Mental health is a leading cause of suicide for adults and kids. Teenagers have struggled with increasing rates of depression, anxiety, and suicidal behavior for much of the past decade. With the losses and disruptions of COVID-19, the onslaught of social media, and escalating gun violence, the youth mental health crisis has exploded.
The American Academy of Pediatrics has declared it a national emergency, and the U.S Surgeon General has issued a public health advisory calling for a comprehensive, coordinated response to the needs of young people.
Racial trauma, discrimination, hostility, and barriers to care have compounded the struggles for young people of color, especially Black children and LGBTQ+ youth.
Julie Kaplow, the executive vice president of trauma and grief programs and policy at the Meadows Mental Health Policy Institute, describes the traumas people experience. Acute Traumas are rare incidents like car accidents, hurricanes, or school shootings. Chronic Trauma is trauma that happens over a long time, such as domestic violence cases, child abuse, poverty, and community violence. Low-income and Black, indiginous people of color (BIPOC) teens are more likely to face chronic trauma compared to their White counterparts or families with livable to high income.
“Two out of three kids experience trauma by 16. This leads to long-term consequences. Teenagers who have experienced chronic trauma tend to have smaller brain volume, are more at risk for depression, behavioral issues, and are at risk of suicide.” Kaplow said as she explained the effects of kids who do not receive the proper treatment in the earlier stages of trauma therapy.
Kaplow is the executive director of the Trauma and Grief Centers at The Hackett Center for Mental Health in Houston and the Children’s Hospital New Orleans and a professor of psychiatry at Tulane University School of Medicine.

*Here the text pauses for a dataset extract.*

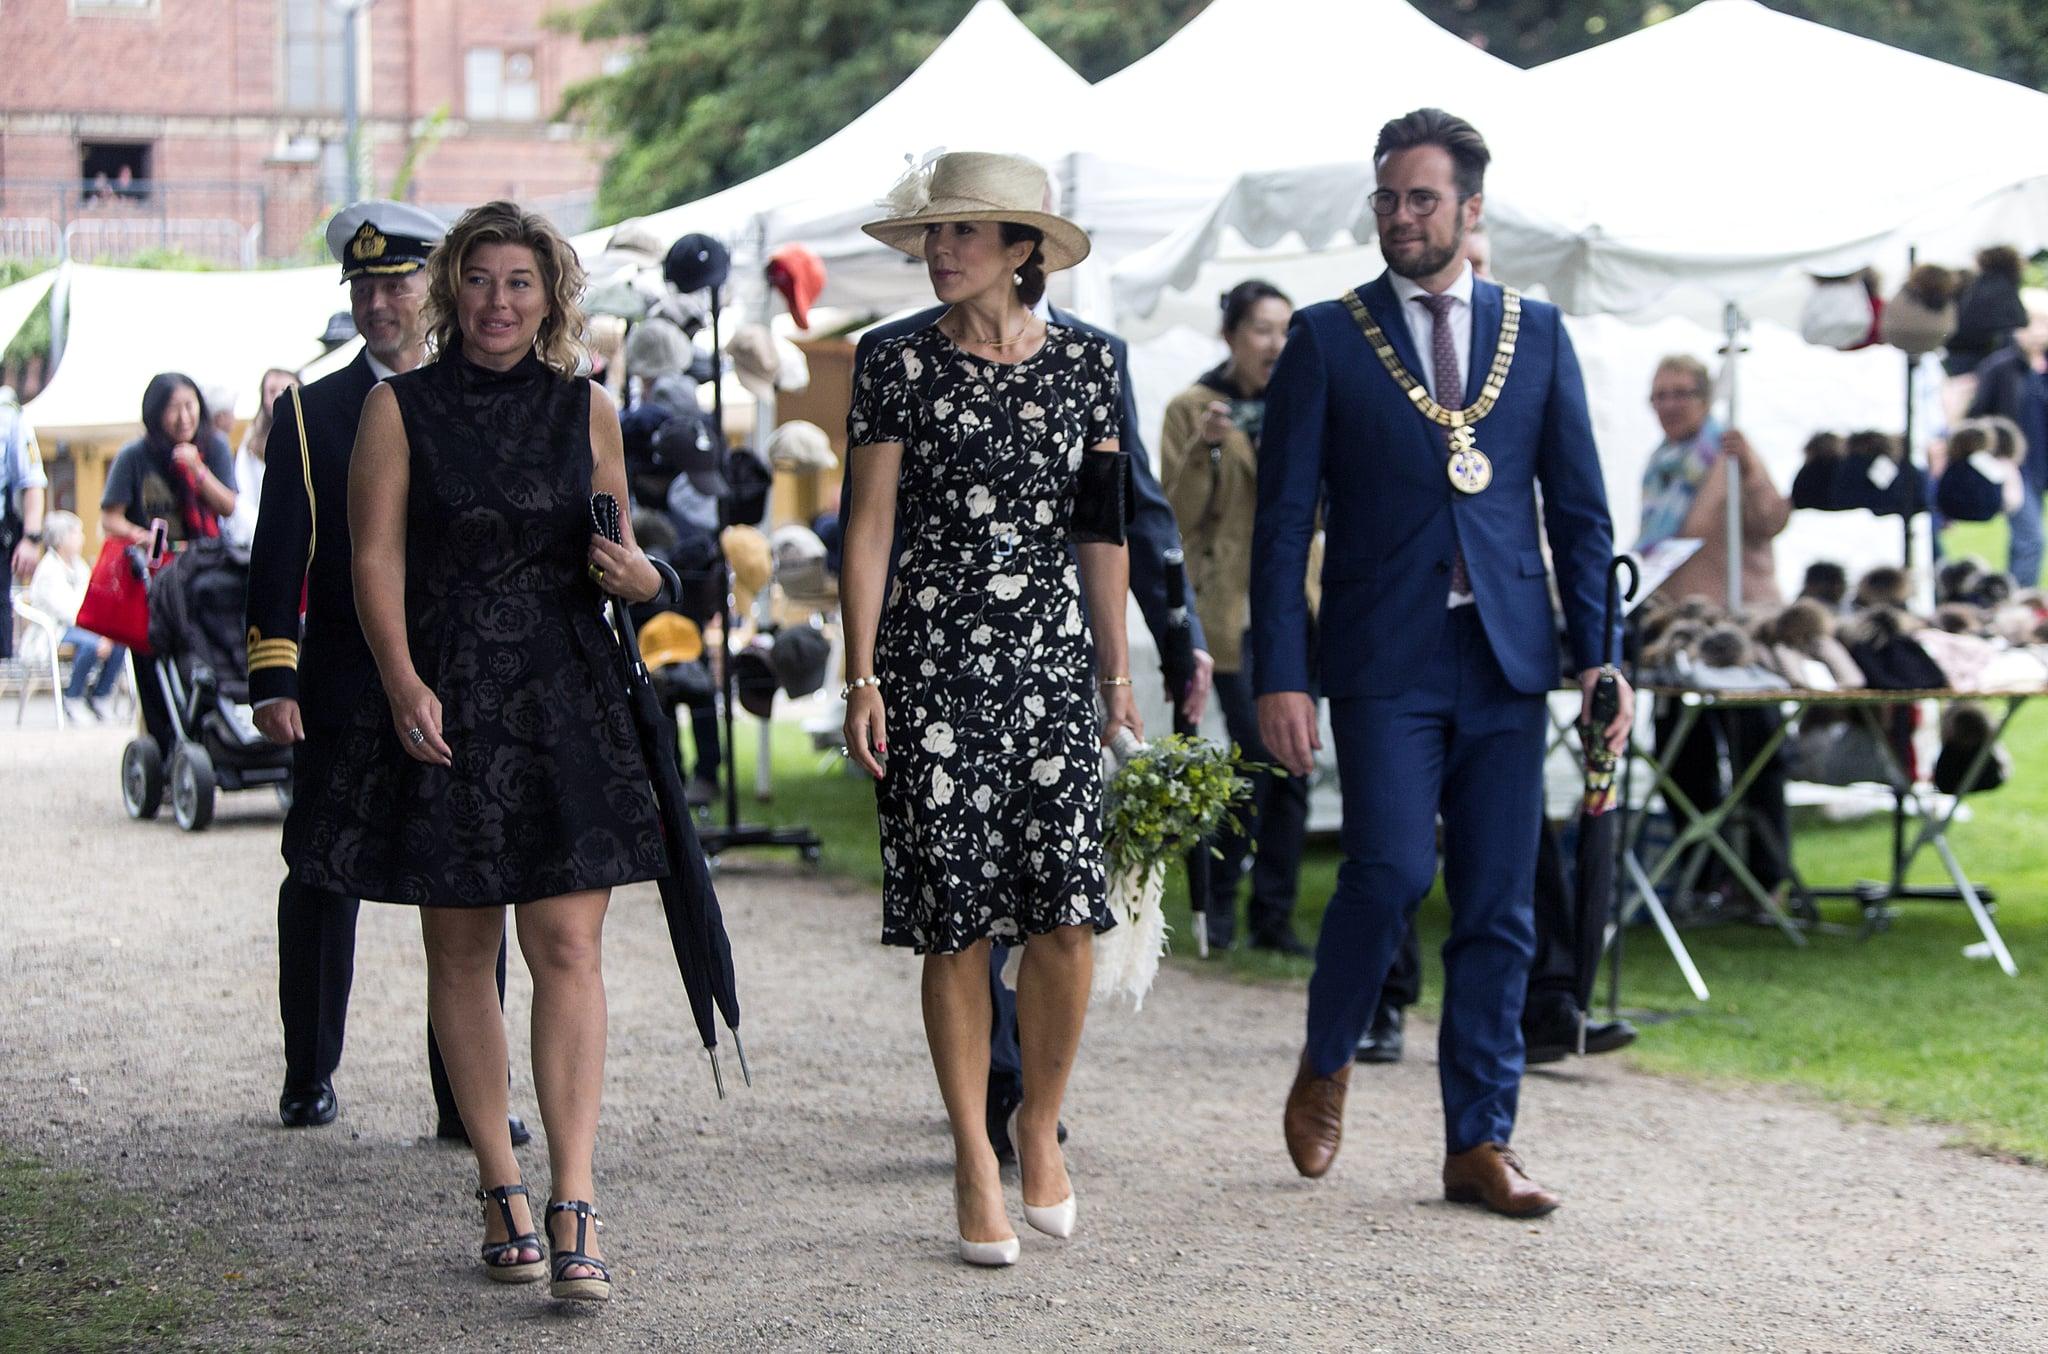 Princess-Mary-Wearing-Hat-Ralph-Lauren-Dress.jpg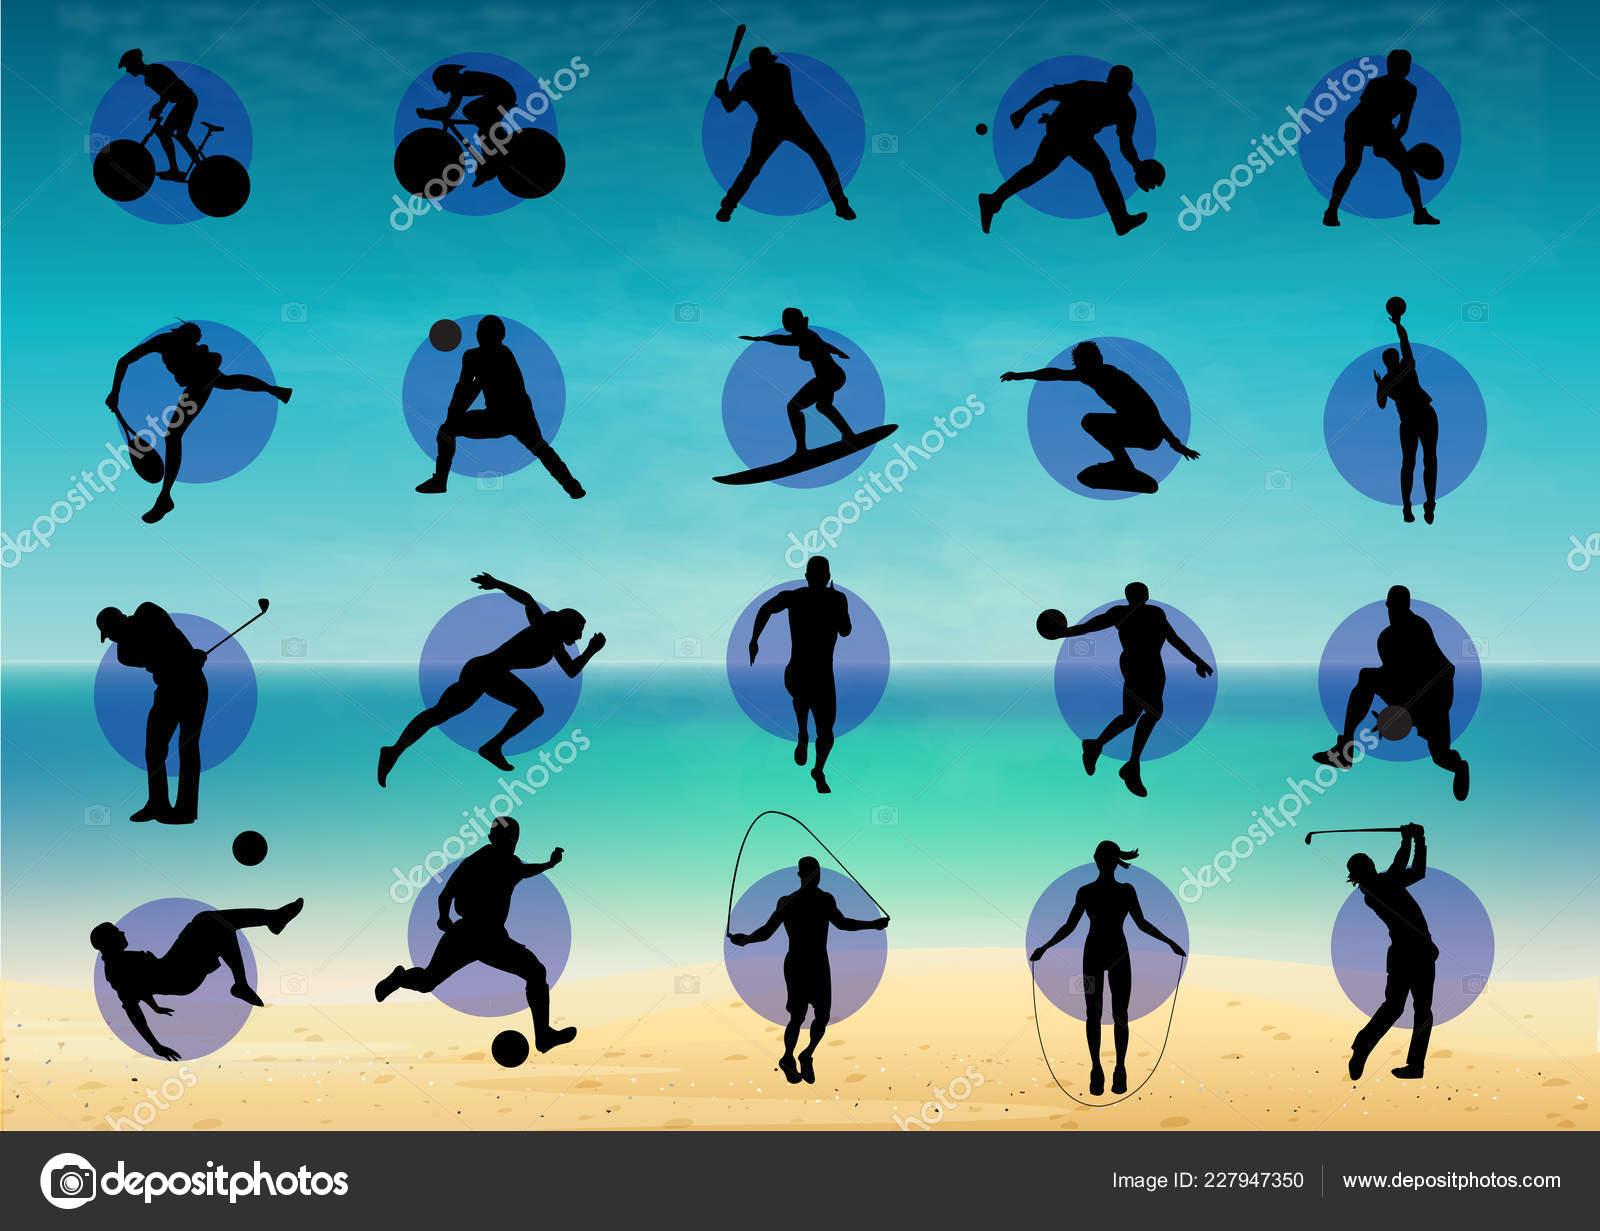 Ilustracion Representa Pictograma Variados Deportes Varios Juegos

She said bereavement trauma is the most frequently reported trauma for youth. Bereavement trauma is caused by losing somebody important in your life.
“Out of 10,000 students, the strongest predictor of poor school outcomes is the sudden loss of a family member,” Kaplow said. “Bereavement is above and beyond the most common trauma and the deadliest as it contributes a high rate to suicides in youth.”
Dr. Michael A. Lindsey also agrees that suicide is the biggest threat to the youth, and trauma plays a role in the high percentage of suicides.
“In 2019, the CDC did a youth risk behavior survey, and the data showed that suicides are the second leading cause of death to kids from age 10-19 in the USA,” he said. “There was an average of 3,703 attempted suicides per day from kids in the ninth to twelfth grade, and kids from 12-17 saw a 31% increase in mental health-related emergency department visits.” -Julie Kaplow
Lindsey is the Dean and Paulette Goddard Professor of Social Work at NYU Silver School of Social Work. He is a noted scholar in the fields of child and adolescent mental health, as well as a leader in the search for knowledge in and solutions to generational poverty and inequality.
Lindsey also lists financial instability and the social environment as trauma-related reasons for the uptick of suicide among youth. He states that Black teenagers who live in an area where police brutality happens, spend at least 160 days after the incident occurs in a state of mental distress.
He suggests that all schools have at least one mental health provider and that staffing ratio should be balanced to the number of students in the school.